If setting a "WP 1.0 Bot/Audiodude <audiodude@gmail.com>" User Agent would fix our problem, I'd be happy to do so!

Oh nevermind, we do use a connection pool in order to re-use the login cookies! So it seems according to your analysis (which I just confirmed), because we are setting the pool, we are ending up with a null UA? And that is causing us to get rate limited, presumably because of new policy changes?

Thanks for taking a closer look.

Indeed, what's likely happening is that, in the absence of User-Agent being explicitly set, the requests library simply defaults to its generic python-requests/x.y.z User-Agent.
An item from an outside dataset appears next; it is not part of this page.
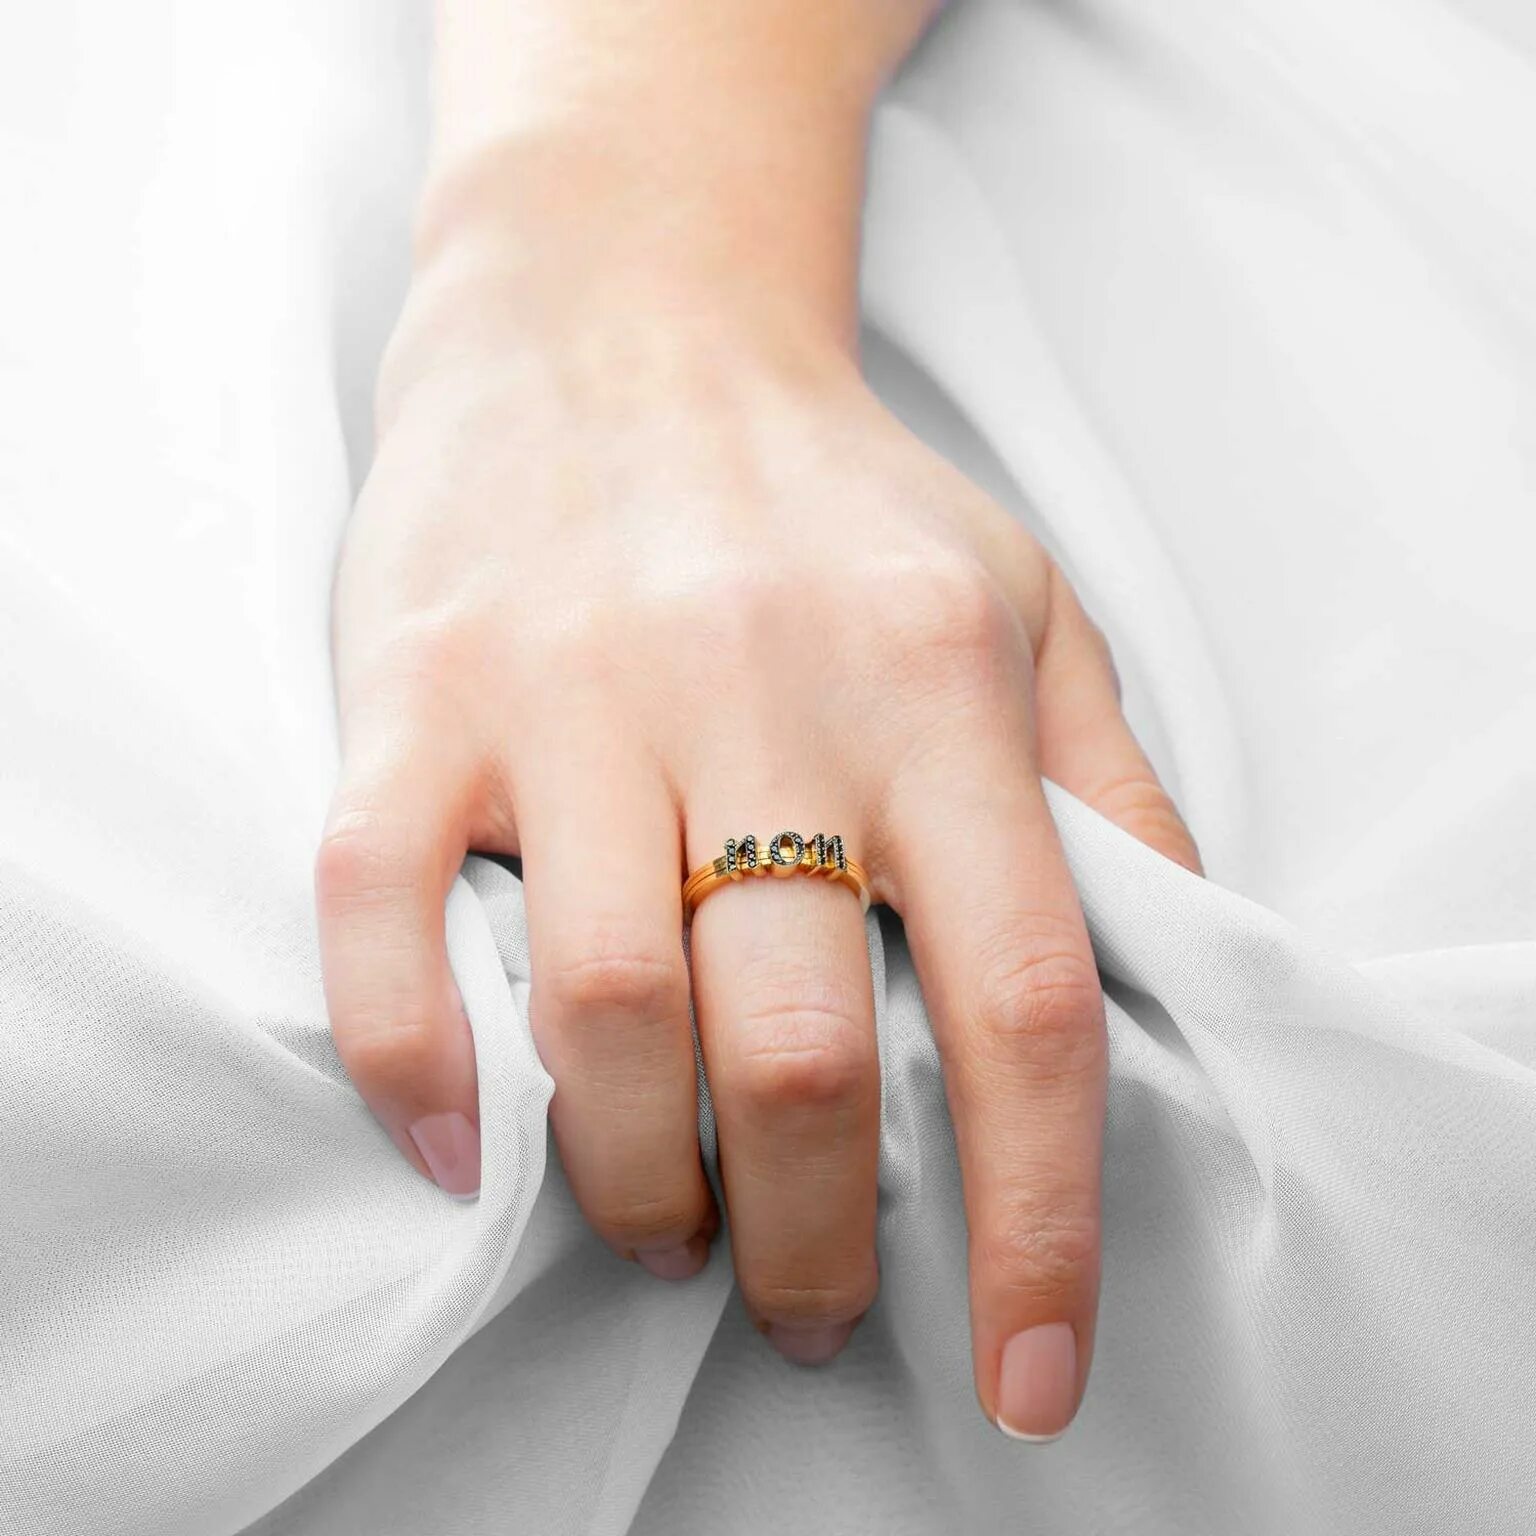 Обручальное кольцо на пальце. Свадебные кольца на пальцах. Кольцо для замужества. Обручальные кольца на руках. Кольцо когда замужем
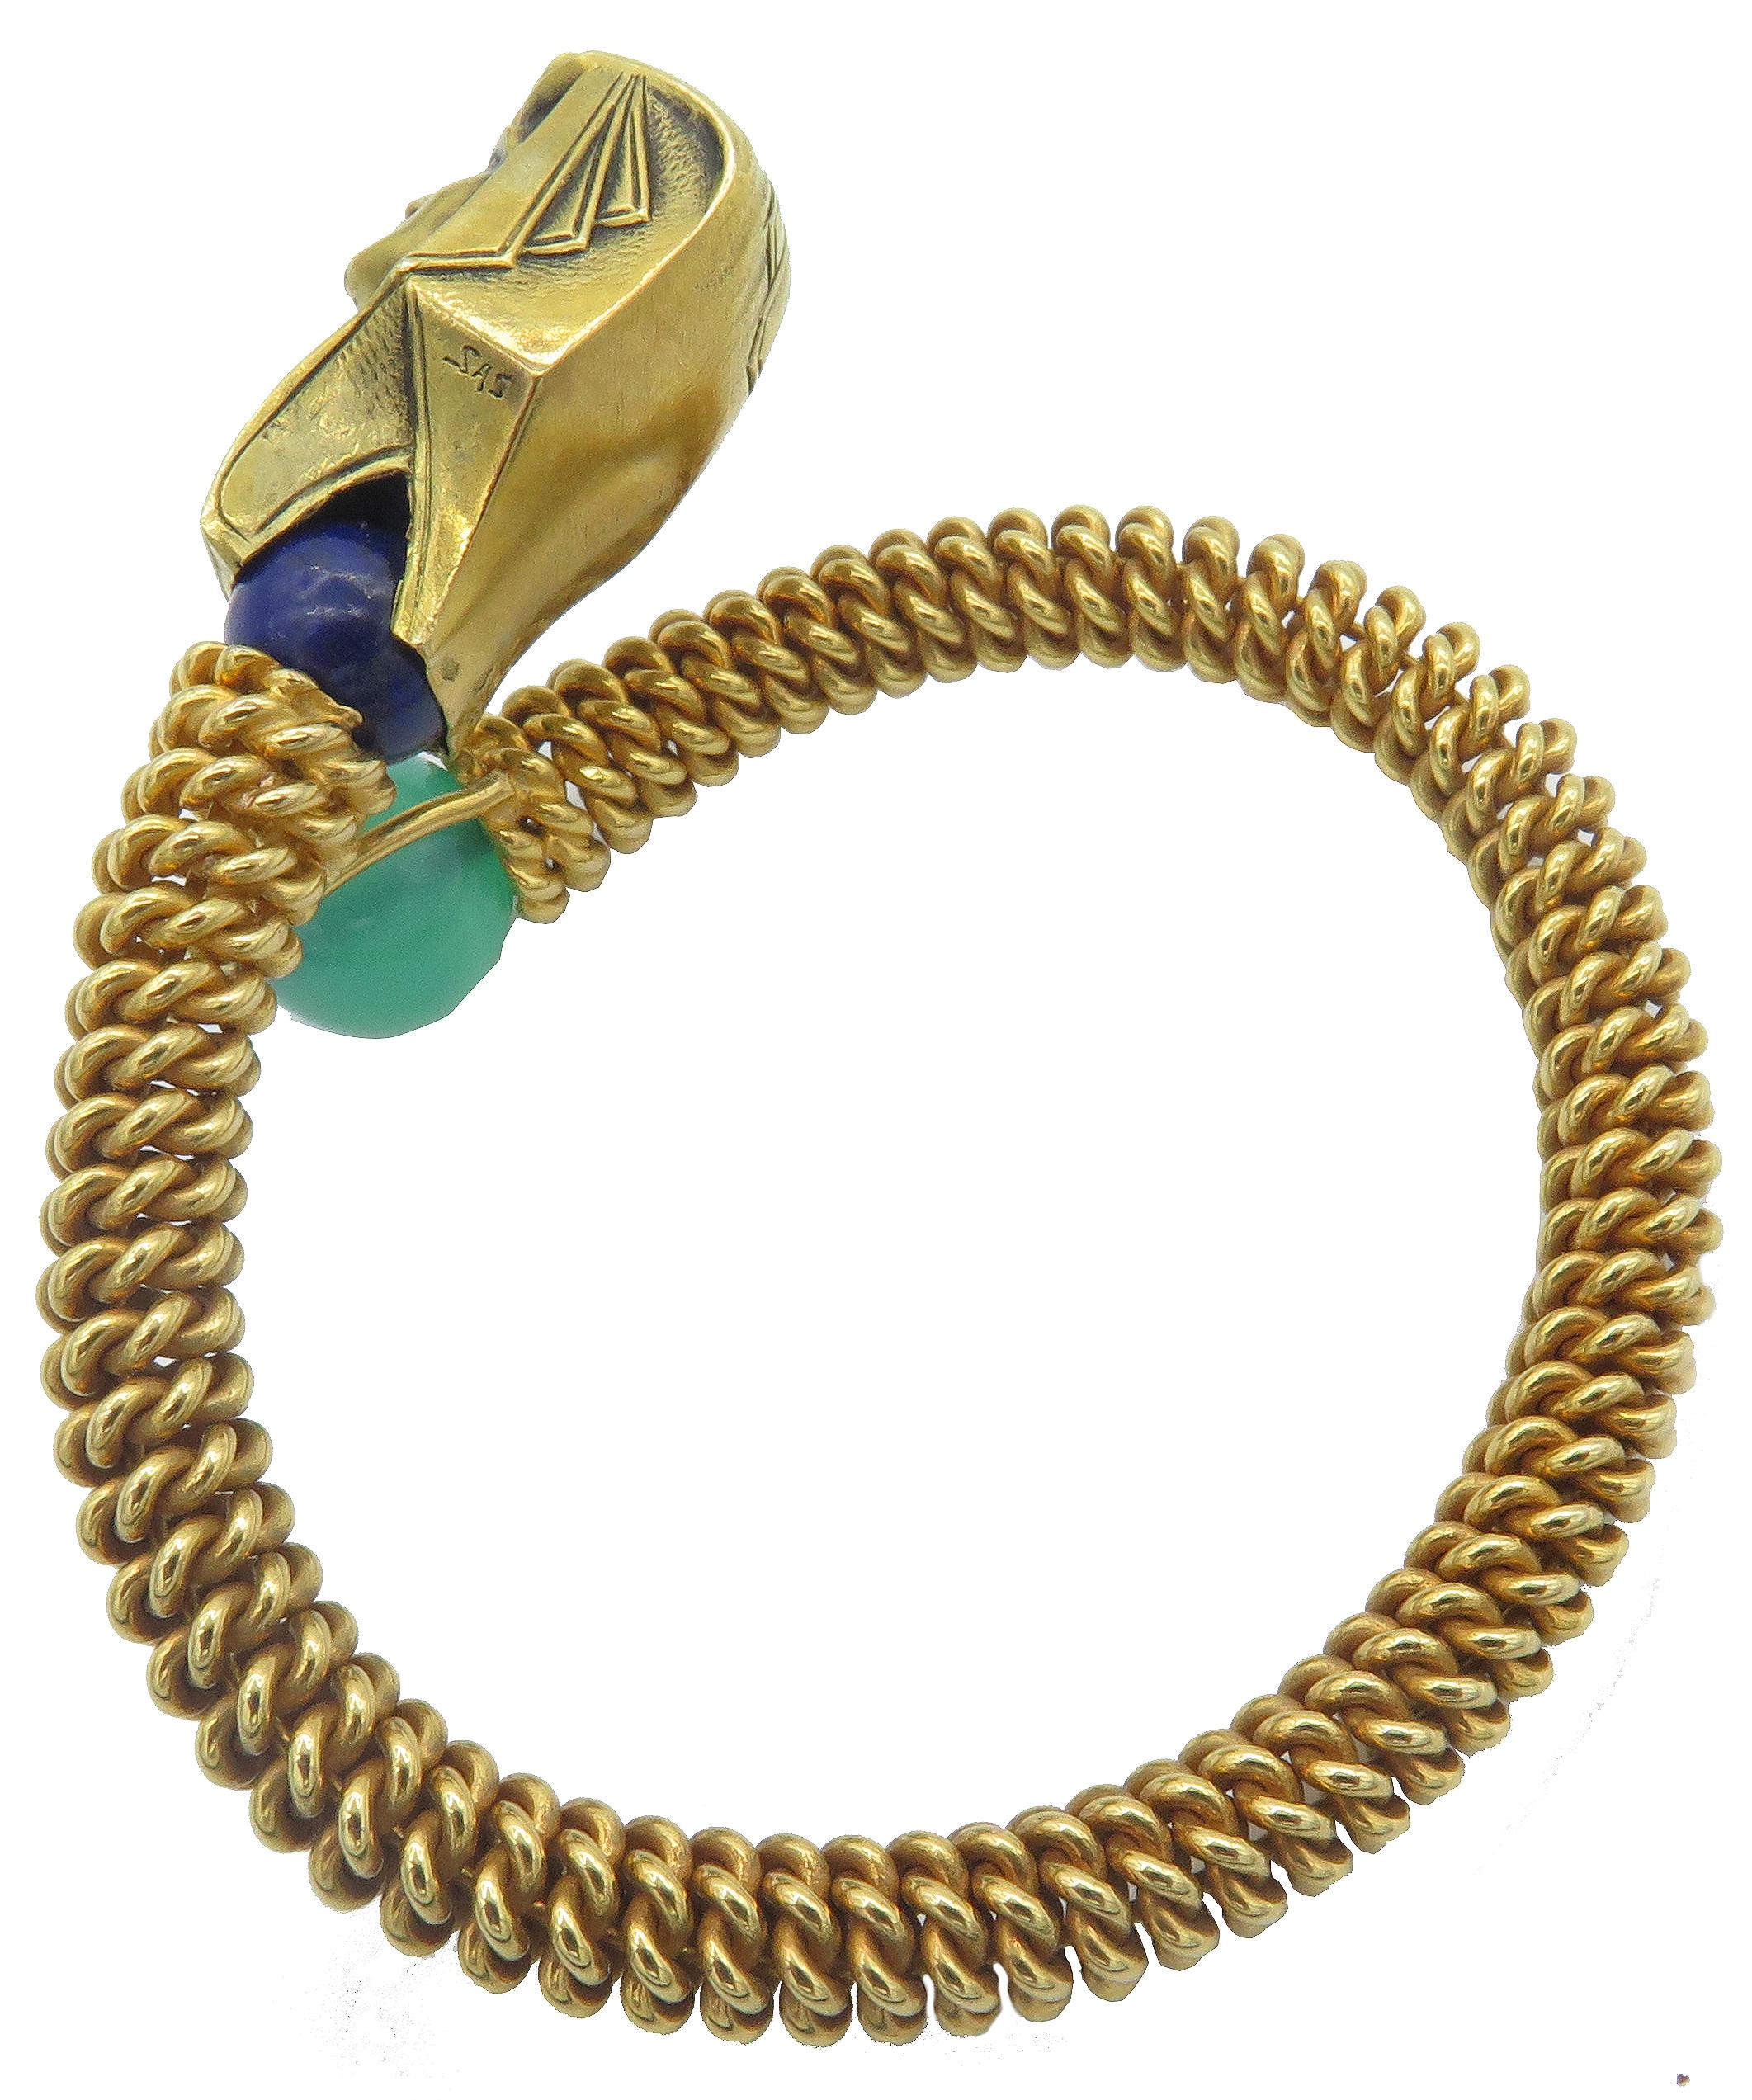 Les Égyptiens étaient des chefs de file dans la fabrication de bijoux comme ce beau et audacieux bracelet égyptien en or jaune 18 carats, symbole des pharaons de l'Égypte ancienne. La tête du pharaon est montée sur une pierre de lapis semi-précieuse

While that can work, it's not guaranteed to per the policy (especially if it collides with abusive workloads that might be present at the same).

In any case, making the change to wire the custom User-Agent you've already intended to set into your connection pool would be greatly appreciated, and should help avoid scenarios like the above.

Joe subscribed.

The task is invalid as the bot was indeed using a user-agent that doesn't respect our UA policy., which has been in place since 2010.

This means that at any given moment, we'll block generic UAs for operational needs.

Our plan, though, is to move from episodic to systematic enforcement (see T400119), so I'd urge you to fix your client as soon as possible.

Thanks again @Scott_French for the extremely helpful analysis! I plan to submit a PR to mwclient to update the docs for that method to indicate which parameters are ignored when pool is set.